Many parents are told their child has been “screened” at school and assume that dyslexia has been ruled out.

It has not.

Screening and evaluation serve very different purposes. Understanding that distinction is critical for families making decisions about next steps.


What Is a Dyslexia Screening?

A screening is:

  • Brief

  • Administered to many students

  • Designed to identify risk

  • Not diagnostic

In Oregon, schools conduct universal screening as part of early literacy requirements and MTSS systems. These screenings typically measure early indicators such as phonemic awareness, letter-sound knowledge, or oral reading fluency.

Screenings answer:

“Is there potential risk?”

They do not answer:

“Does this child have dyslexia?”

According to the National Center on Improving Literacy, screening tools are designed to identify students who may need further assessment — not to diagnose a specific learning disorder.
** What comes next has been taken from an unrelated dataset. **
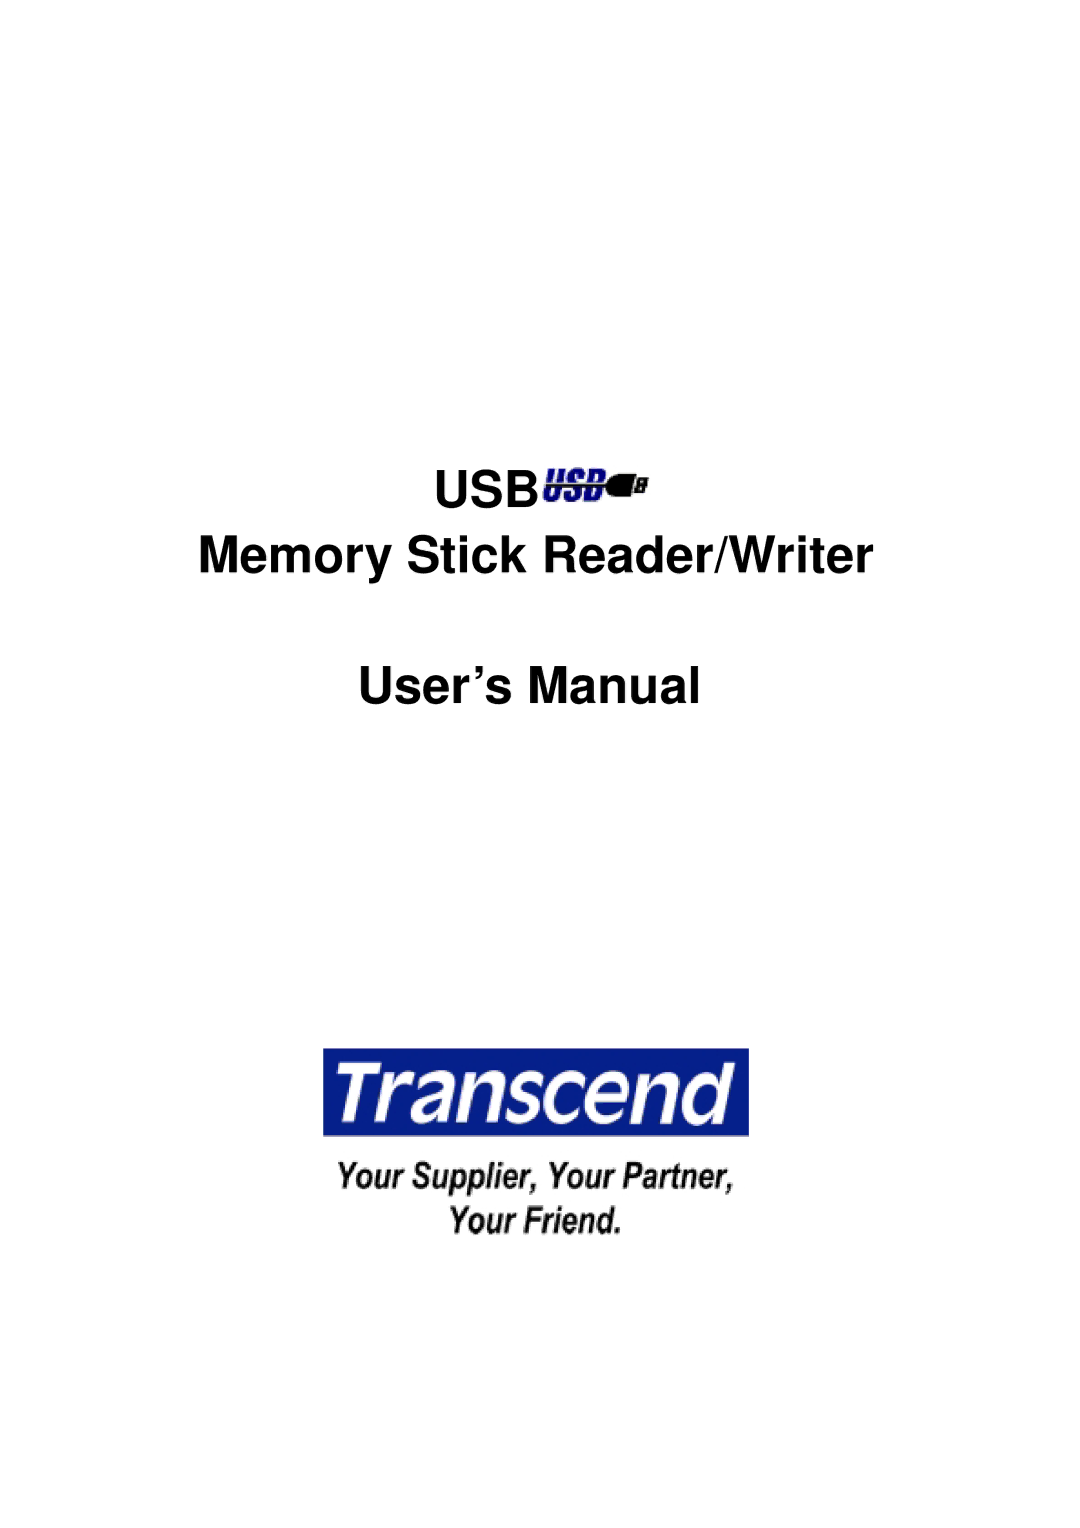 Transcend Information Memory Stick Reader/Writer user manual Usb 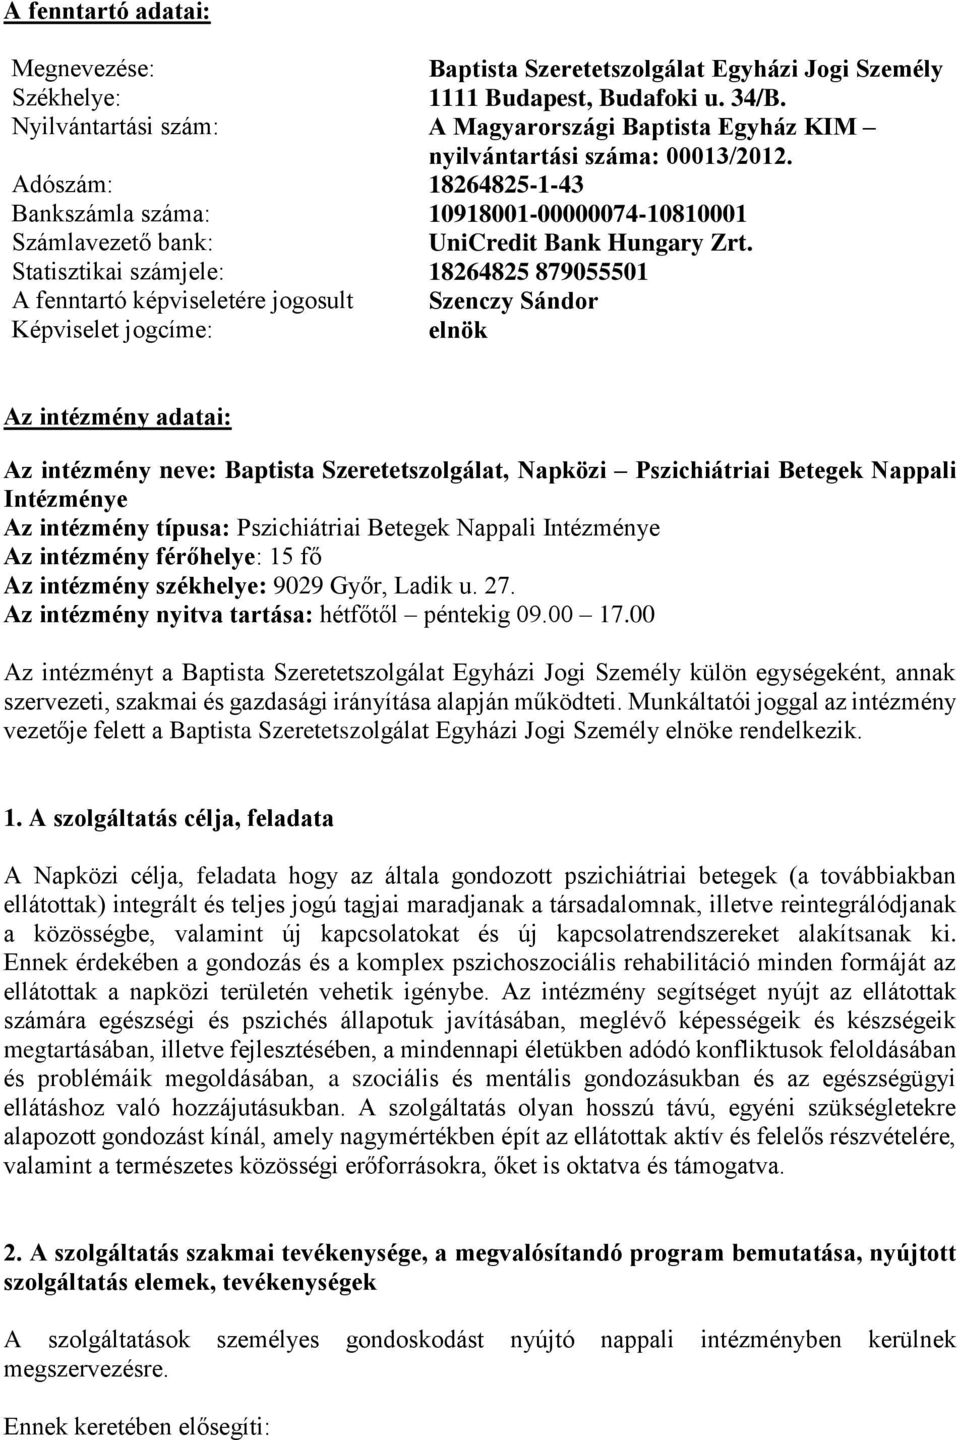 Adószám: 18264825-1-43 Bankszámla száma: 10918001-00000074-10810001 Számlavezető bank: Statisztikai számjele: UniCredit Bank Hungary Zrt.

Screening is the first filter. It is not a final conclusion.


What Is a Dyslexia Evaluation?

A comprehensive dyslexia evaluation is fundamentally different.

It:

  • Is individually administered

  • Includes multiple standardized, norm-referenced measures

  • Assesses phonological processing, decoding, fluency, spelling, and comprehension

  • Examines written expression

  • Results in a detailed written report

  • Provides diagnostic conclusions

Comprehensive evaluations are guided by decades of reading research demonstrating that dyslexia is characterized by weaknesses in phonological processing and word-level decoding (Shaywitz, 2020; National Reading Panel, 2000).

Evaluations answer:

  • Why is reading difficult?

  • Which underlying skills are weak?

  • What type of intervention is required?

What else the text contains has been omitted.